Ashton was celebrated for his short stories in The Bulletin, following which success he began selling his paintings in art galleries, then began writing for British magazines such as Pall Mall Gazette and Chambers's Journal.

He became a respected and dedicated member of magazines and newspaper companies. He resumed his criticism of music, and other arts in 1926, when he was made an associate editor.

Ashton had never worked as a full-time artist; however despite this, in 1938 he won the Sydney sesquicentenary prize for landscape drawings. Ashton was, as well as an artist, a musician who had been known to entertain guests and lodgers at his Mosman house; it was because of this that the suggestion of forming the first Sydney String Quartet was put forward.

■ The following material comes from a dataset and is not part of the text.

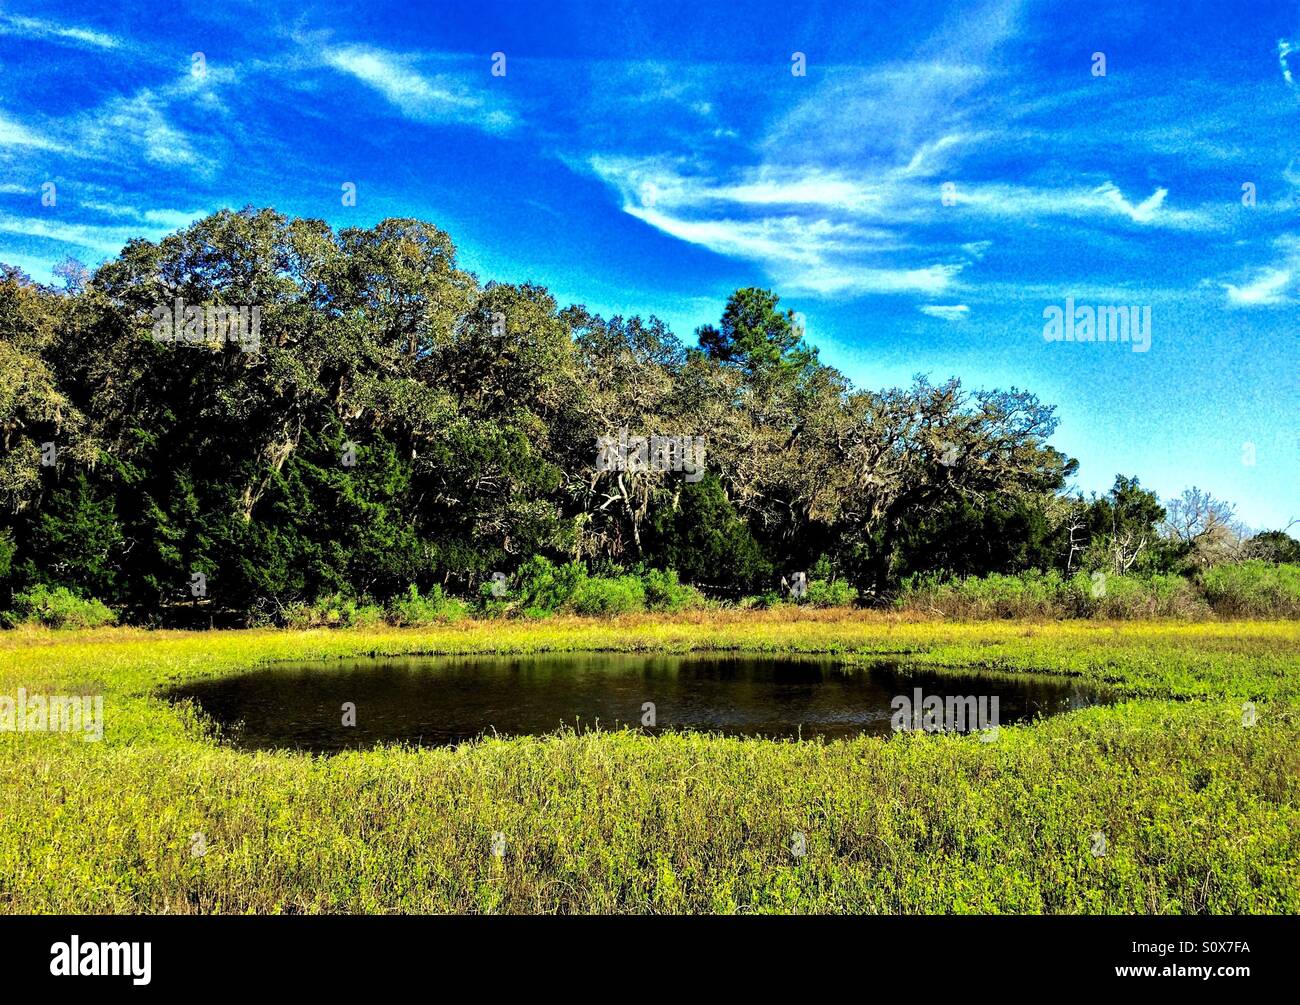 Salz-Sumpf-Teich mit prominenten grünen Rasen im Vordergrund und dramatische blauen Himmel oben, Guana River State Park, Florida, März 2016 Stockfoto

Ashton was an amateur entomologist specialising in cicadas.

He was president of the Royal Art Society from 1942 to 1945 or later (his father held that office 1897–1898 and 1907–1921).

Ashton died at age 86 in New South Wales and was cremated.

==Family==
Ashton was the eldest child of artist Julian Rossi Ashton and Eliza Ann, née Pugh, his first wife.
While attending his father's art school, Ashton began a relationship with Mary Ethel Roberts (died 18 December 1945), whom he married on 24 January 1908. Together, they had three sons and one daughter. A month after his wife's death, Ashton resigned from The Sun in order to devote his time to painting and reading, and to be closer to his family.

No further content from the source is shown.